WHAT YOU HAVE TO DO: The answer is the exact run of lines in the listing below from the line containing "Tigerama 2003" up to and including the line containing "Sleeper Kids World", with pictures removed.

SUPPLIED MATERIAL:
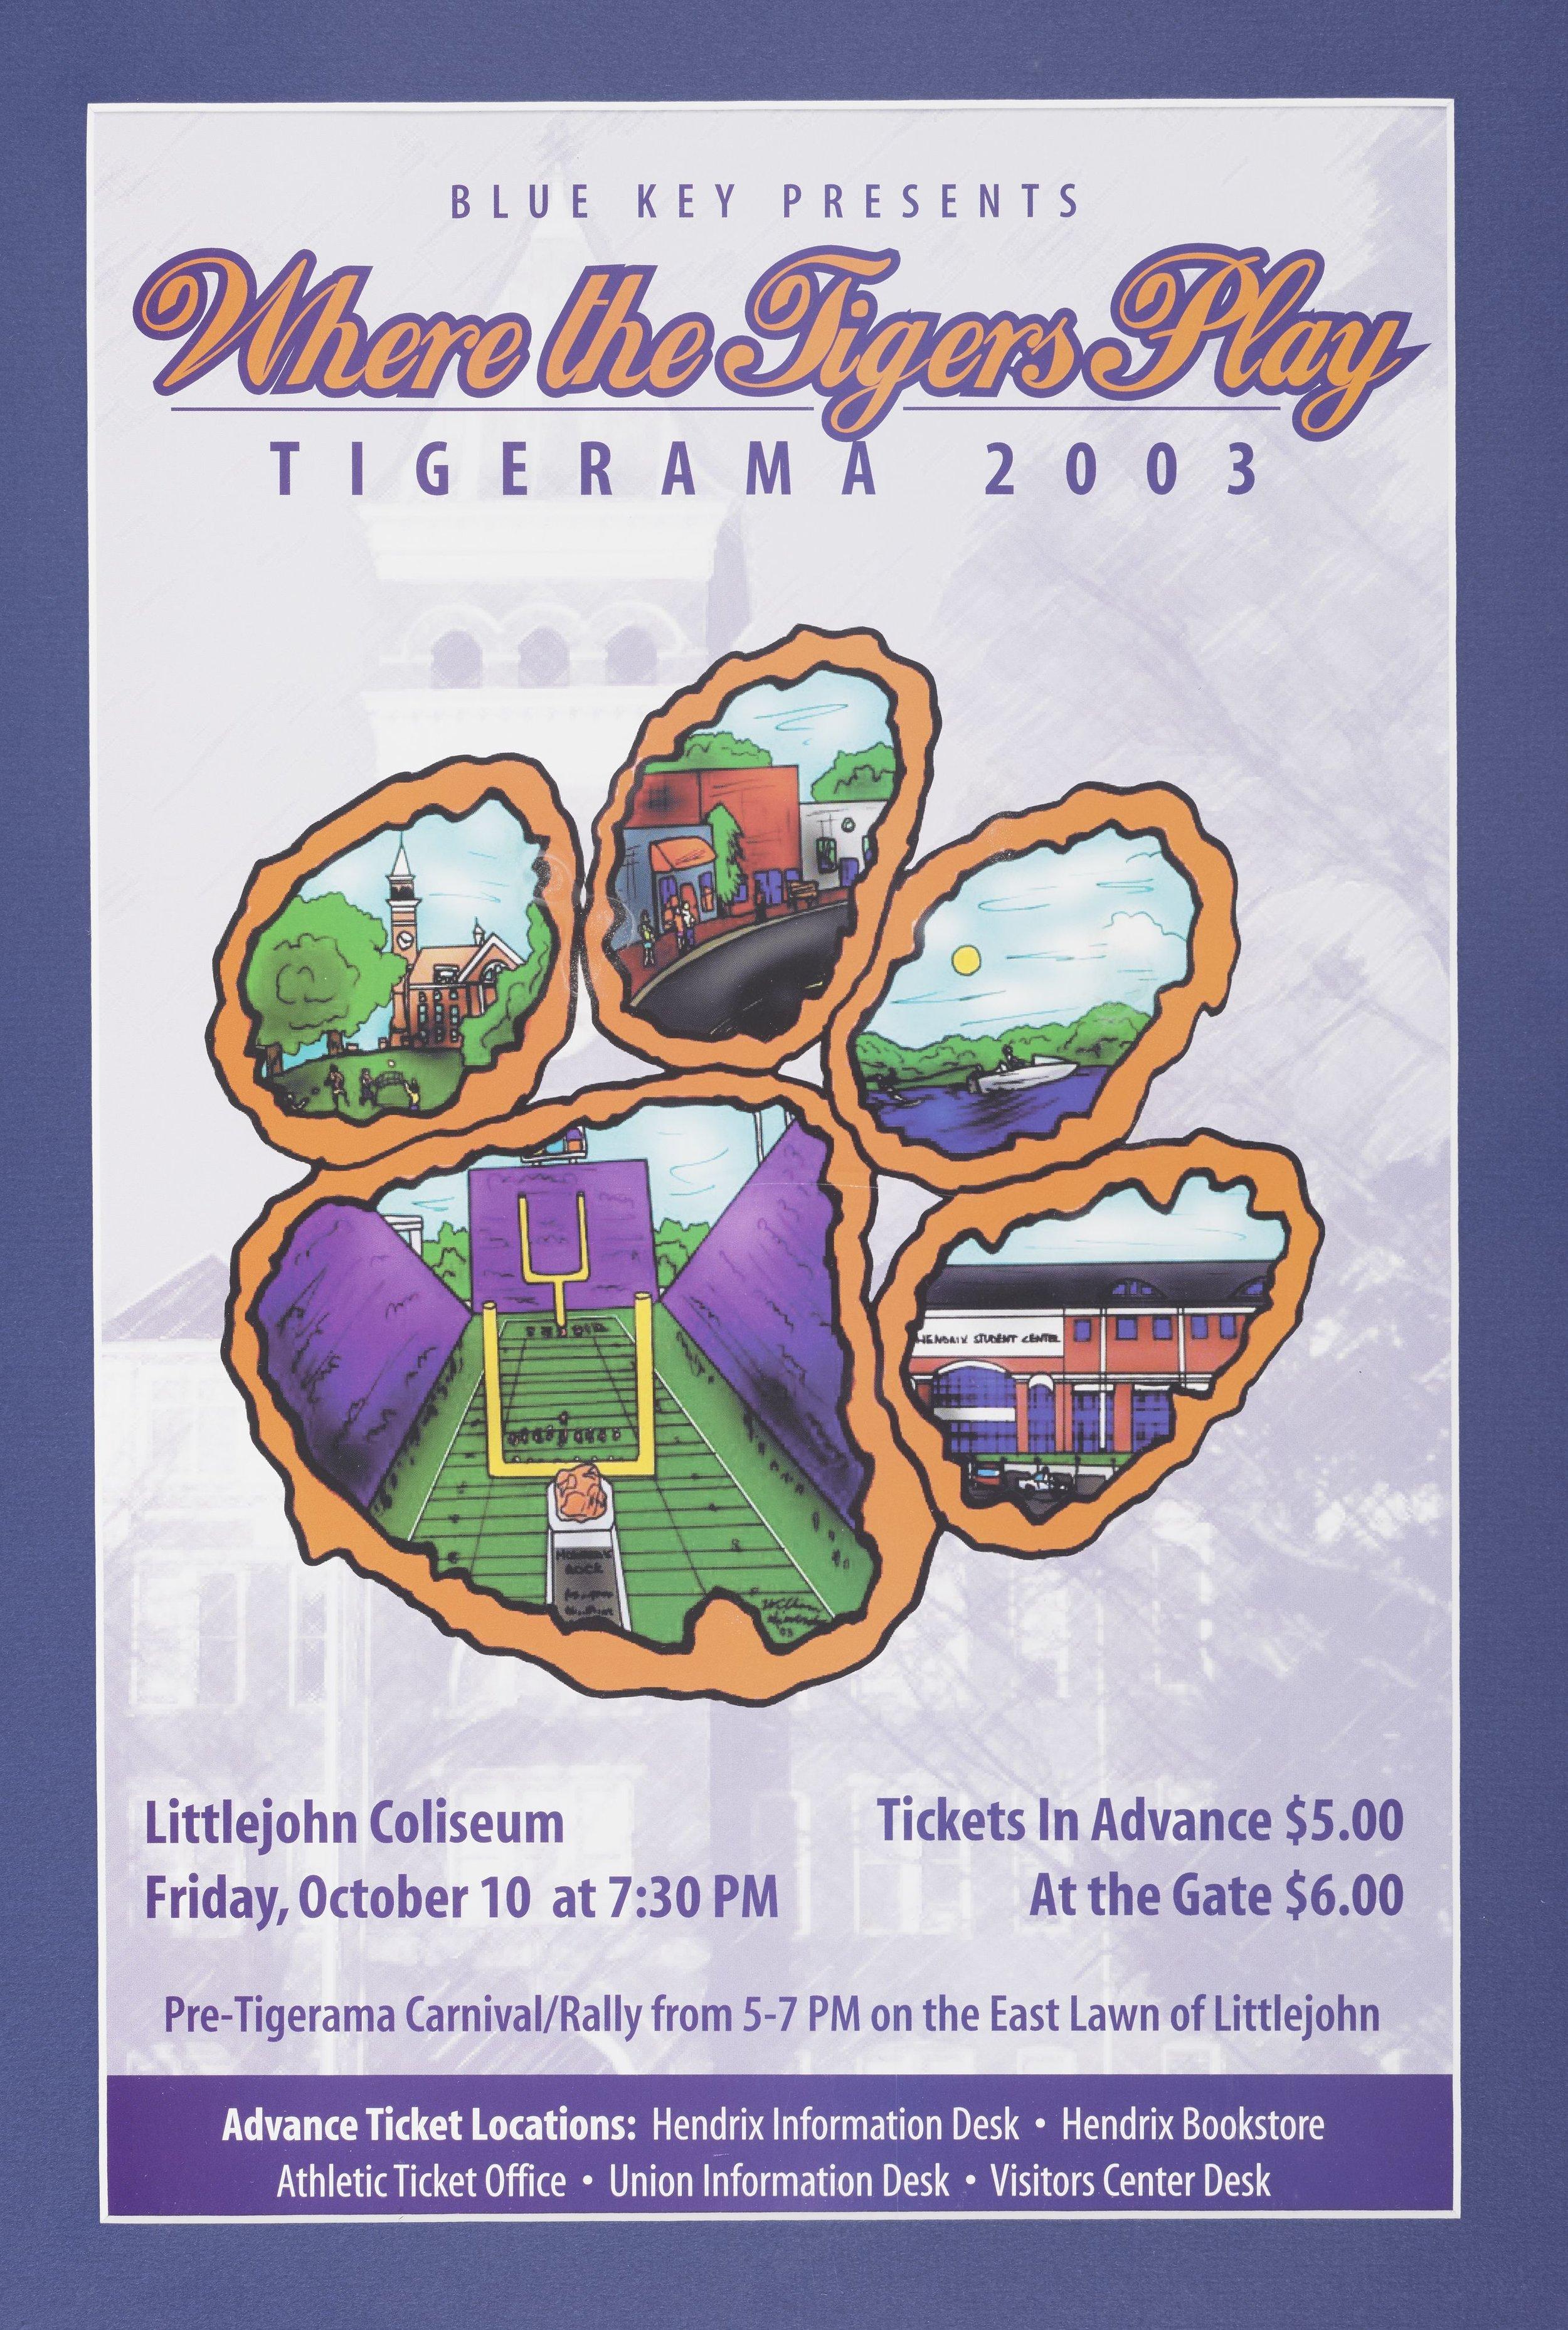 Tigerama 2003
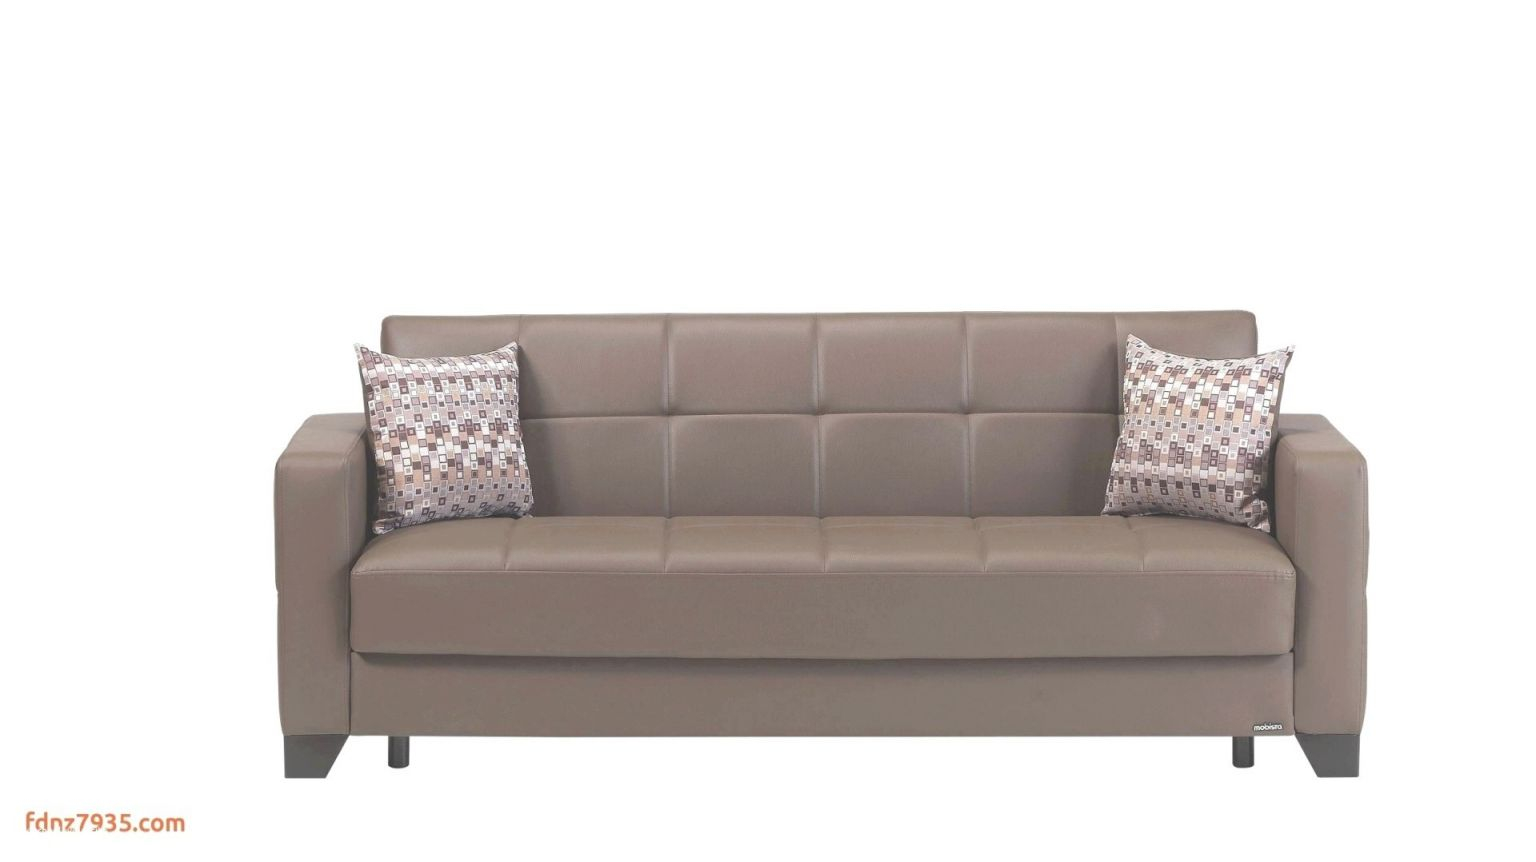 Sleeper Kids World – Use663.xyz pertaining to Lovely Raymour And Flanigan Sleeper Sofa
--
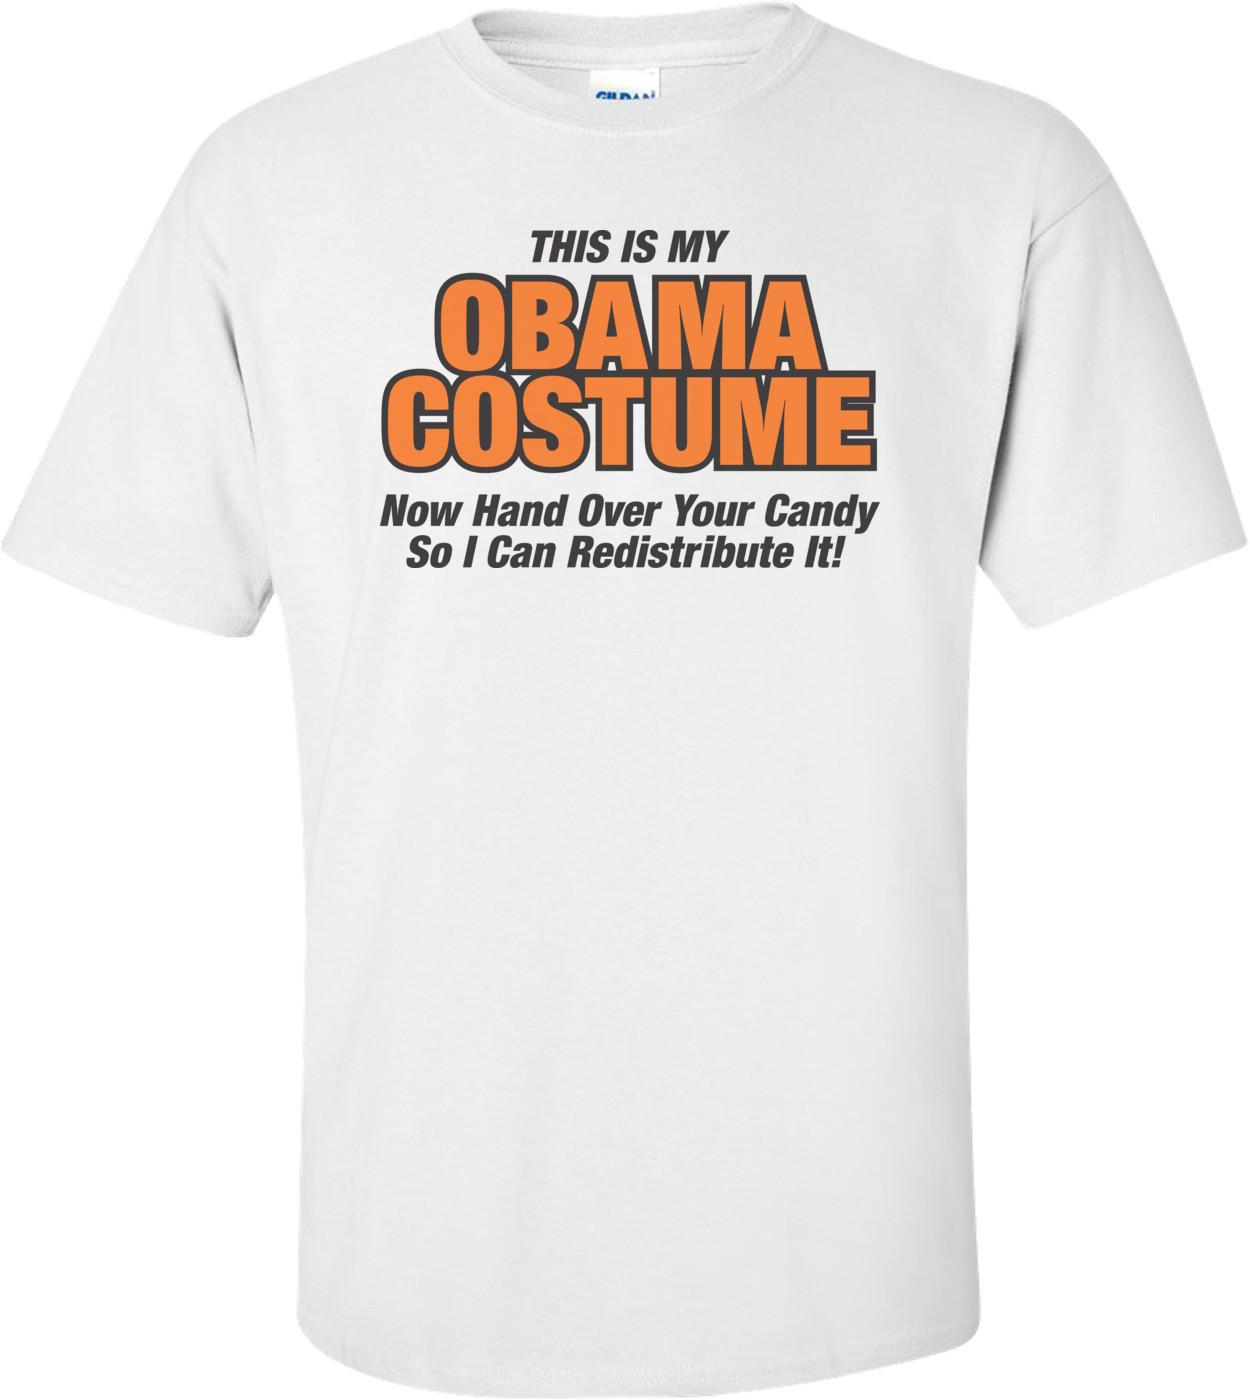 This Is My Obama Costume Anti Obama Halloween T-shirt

REPLY TO THE TASK:
 Tigerama 2003
 Sleeper Kids World – Use663.xyz pertaining to Lovely Raymour And Flanigan Sleeper Sofa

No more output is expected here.